[Extracted data]
>>>

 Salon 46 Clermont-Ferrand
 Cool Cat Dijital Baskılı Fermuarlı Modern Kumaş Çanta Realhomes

<<<
>>>

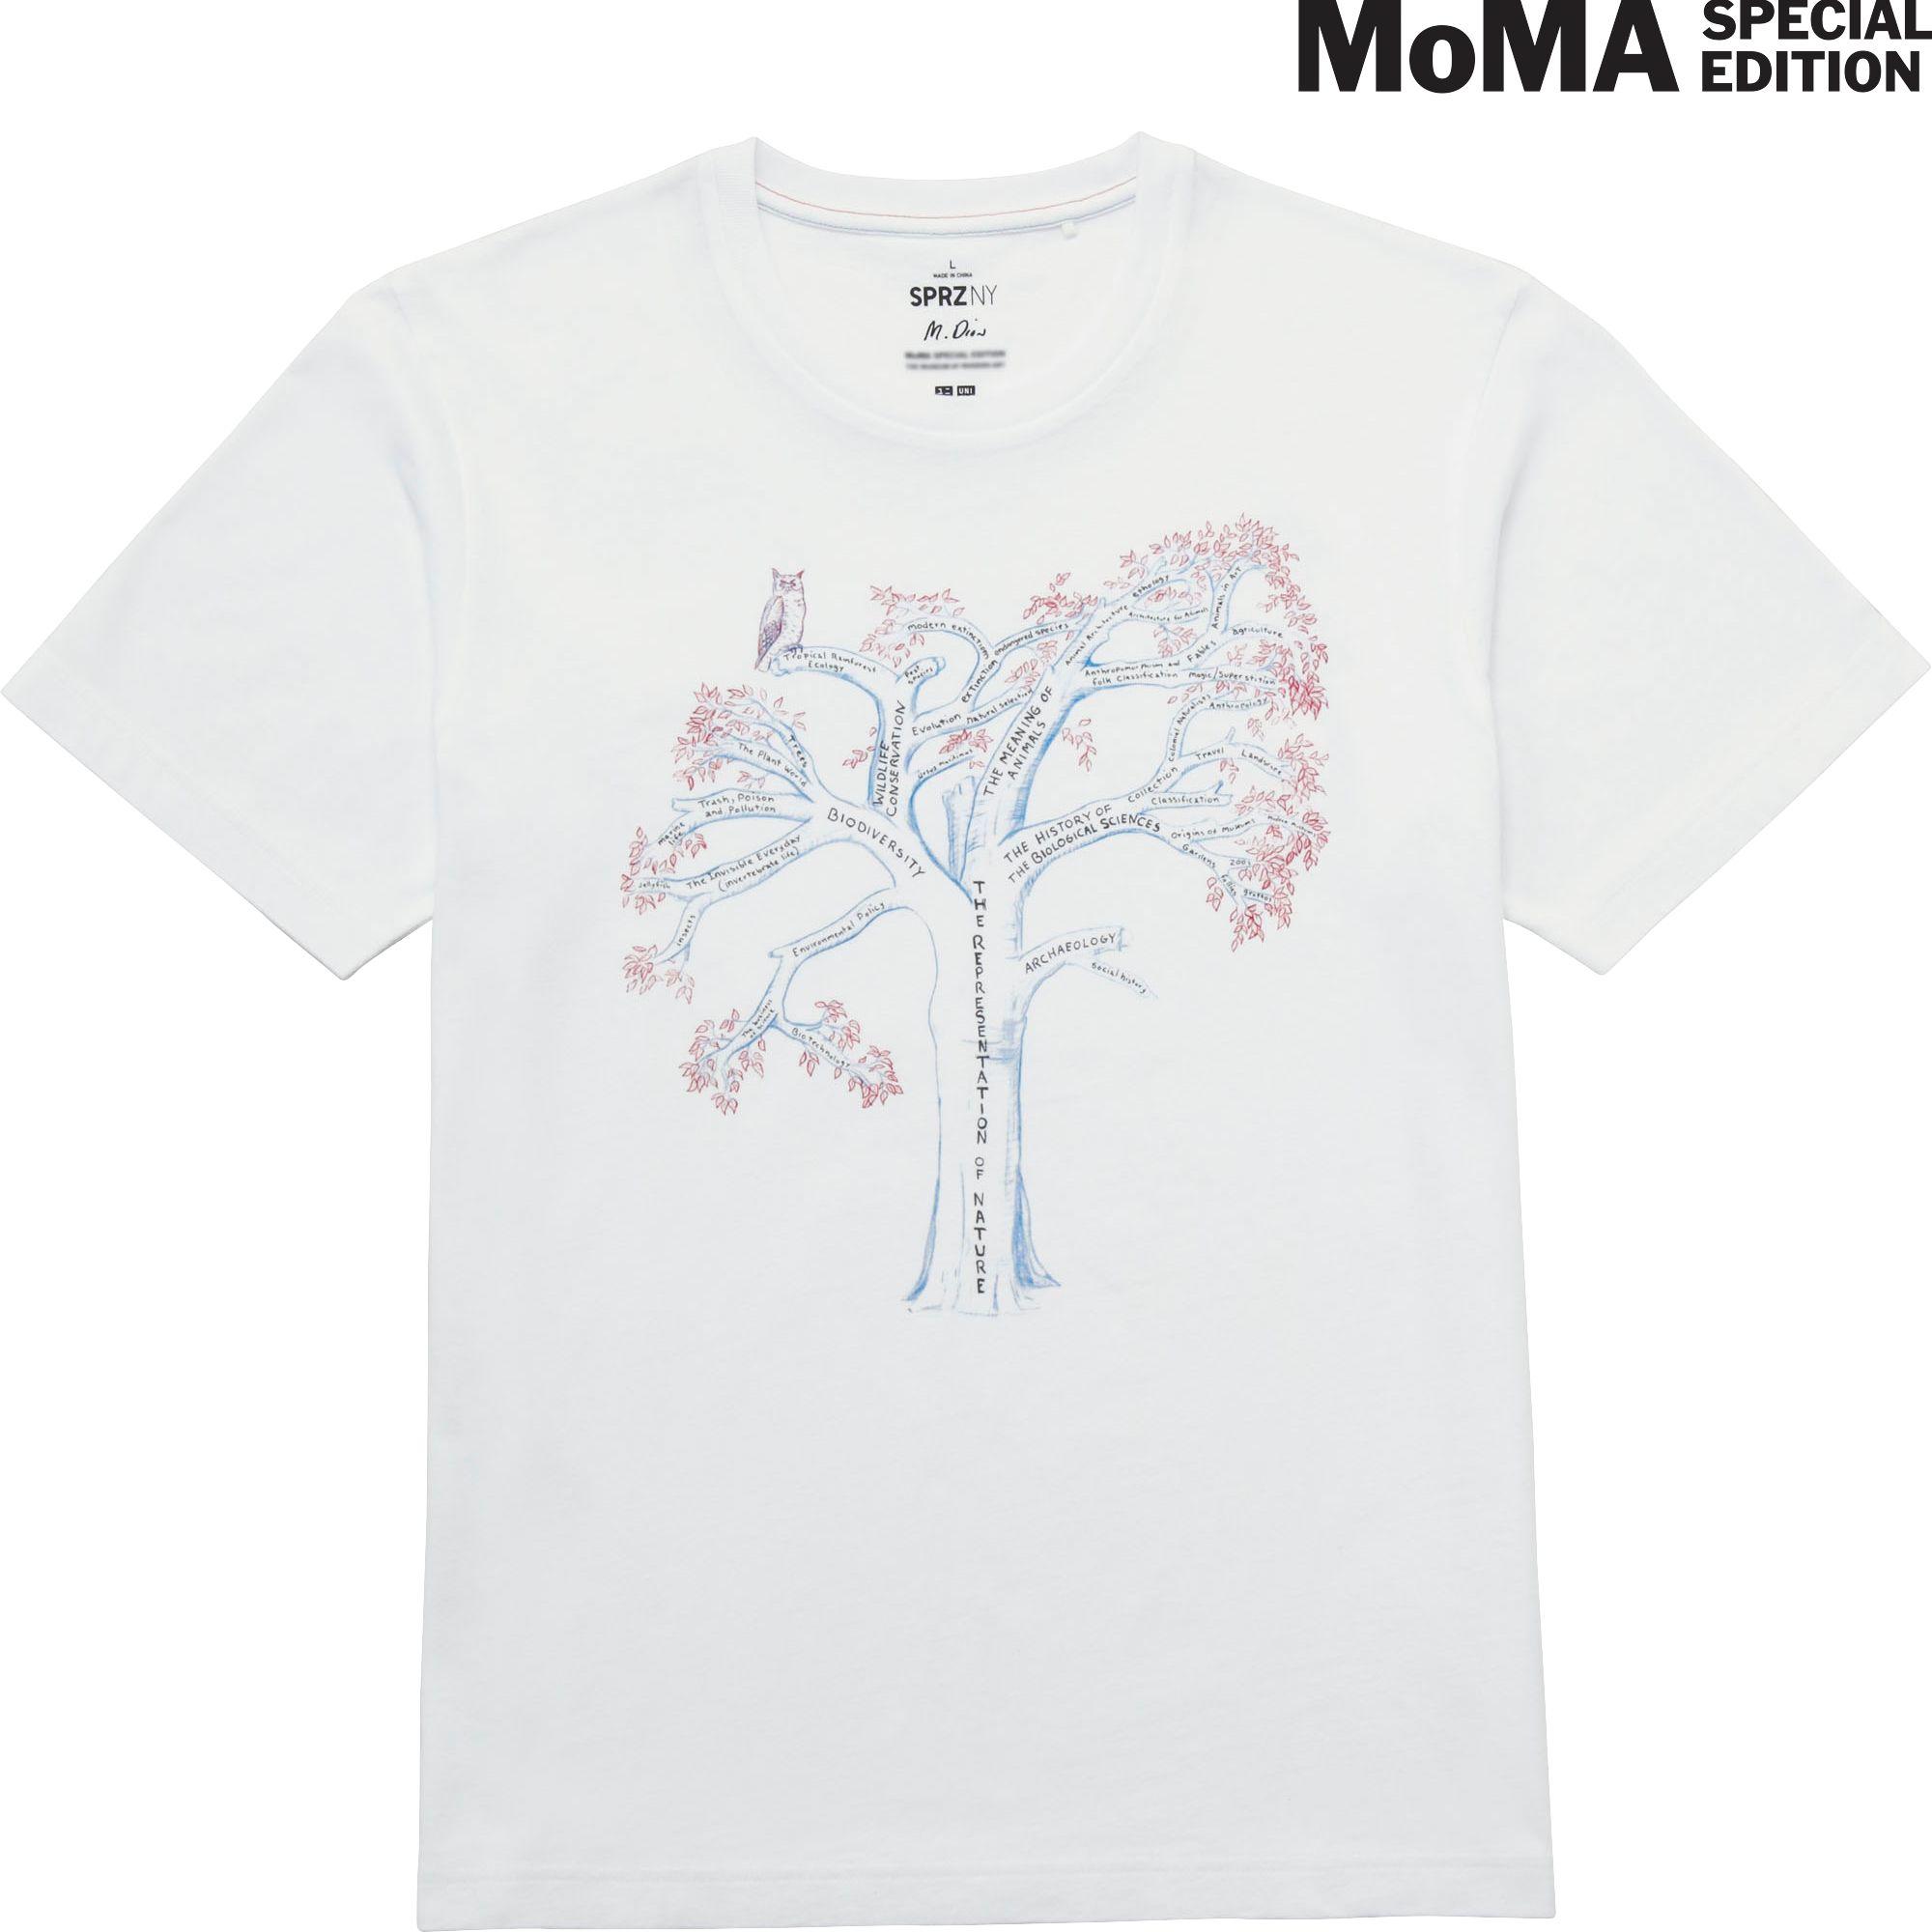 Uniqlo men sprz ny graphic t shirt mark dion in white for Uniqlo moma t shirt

<<<
>>>

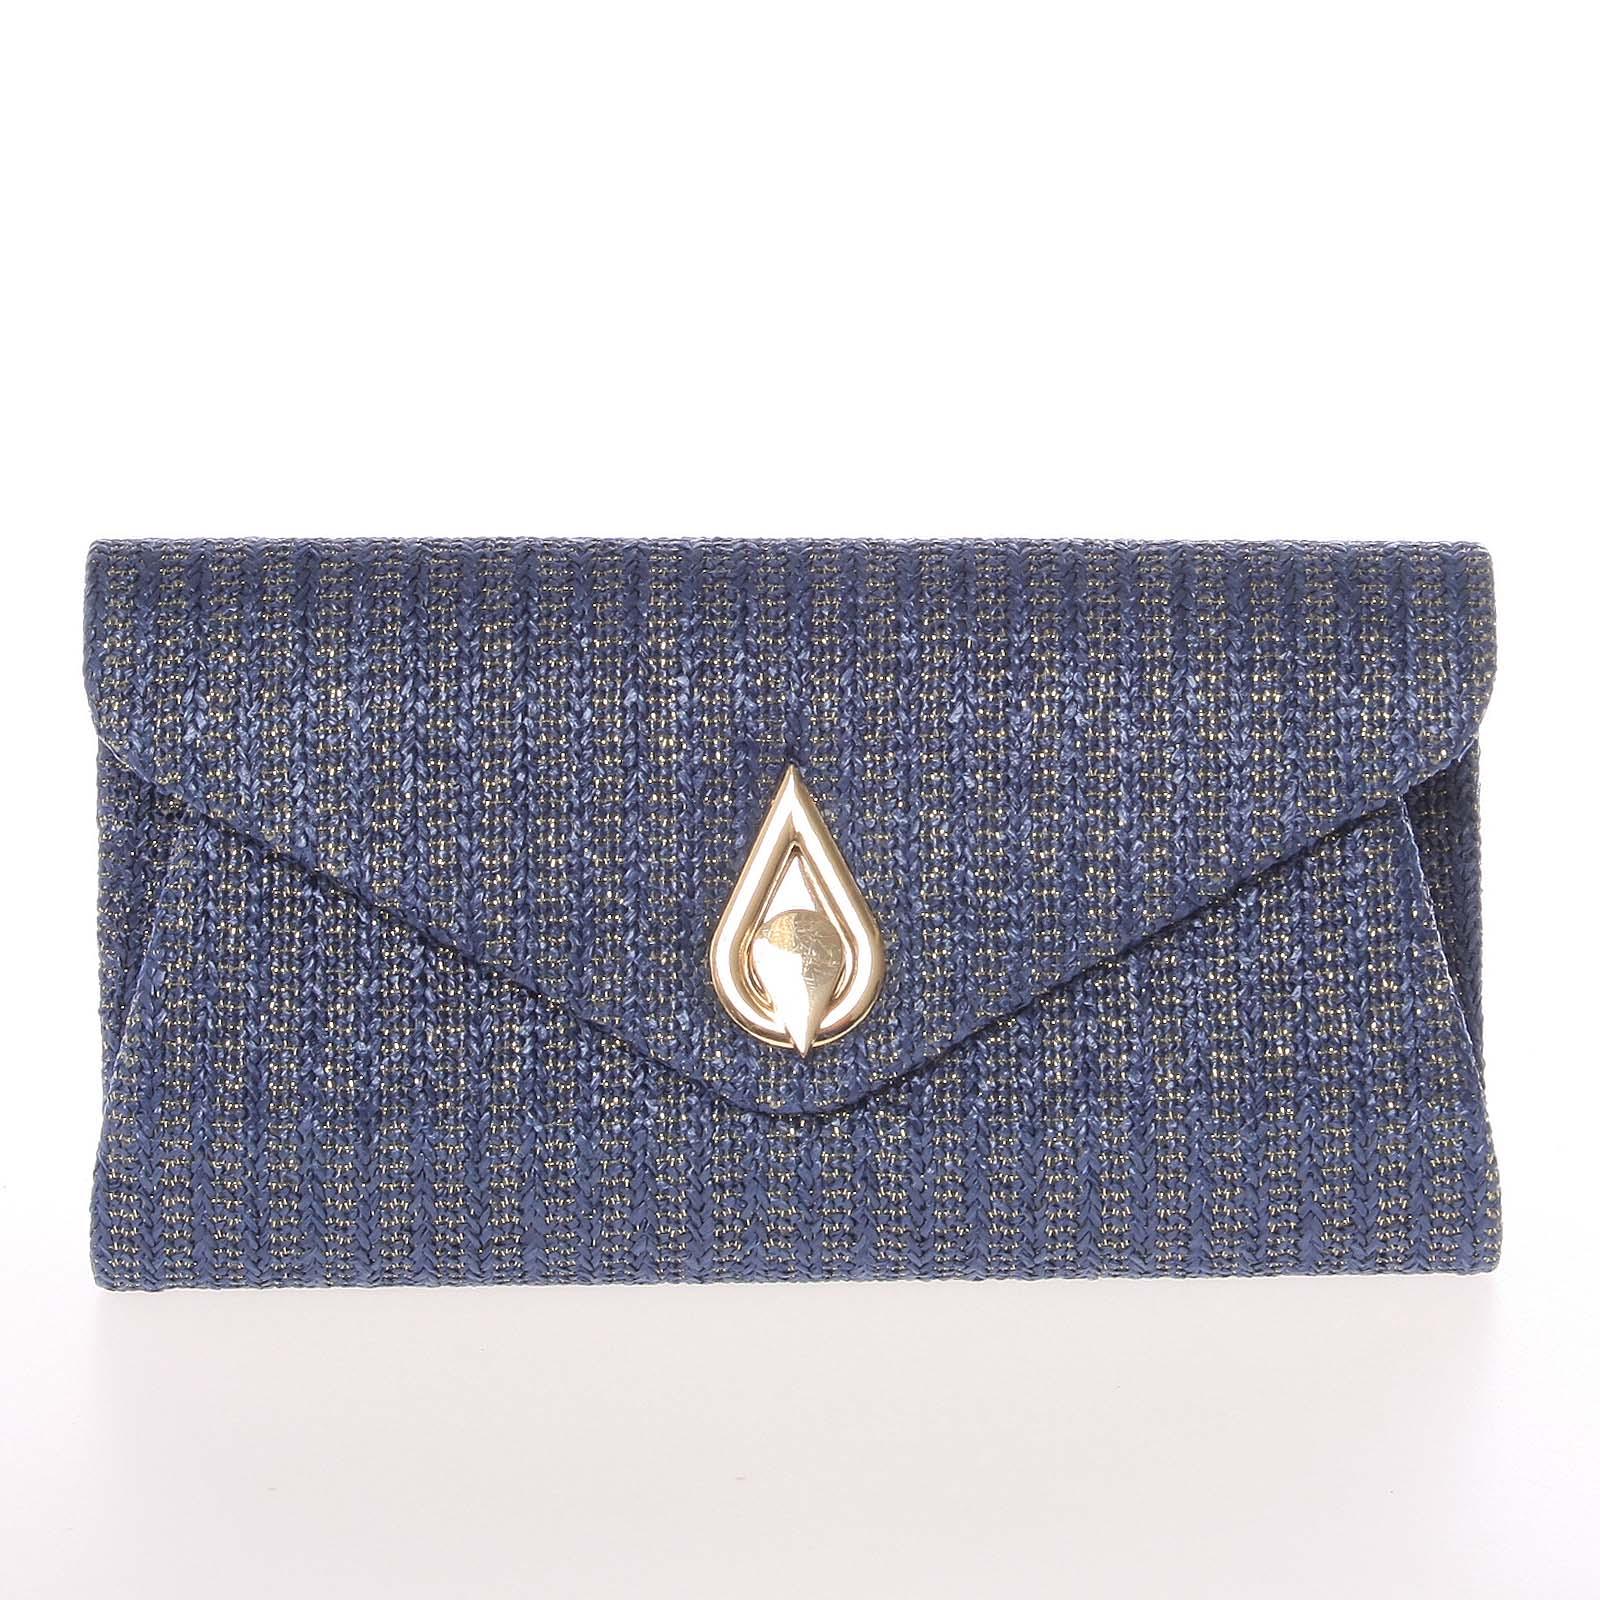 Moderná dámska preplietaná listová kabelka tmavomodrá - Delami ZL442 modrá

<<<

[Task statement] Every line above from the line with "Salon 46 Clermont-Ferrand" to the line with "Cool Cat Dijital" is wanted, ends included; write them out exactly and add no other line.

[Result below]
 Salon 46 Clermont-Ferrand
 Cool Cat Dijital Baskılı Fermuarlı Modern Kumaş Çanta Realhomes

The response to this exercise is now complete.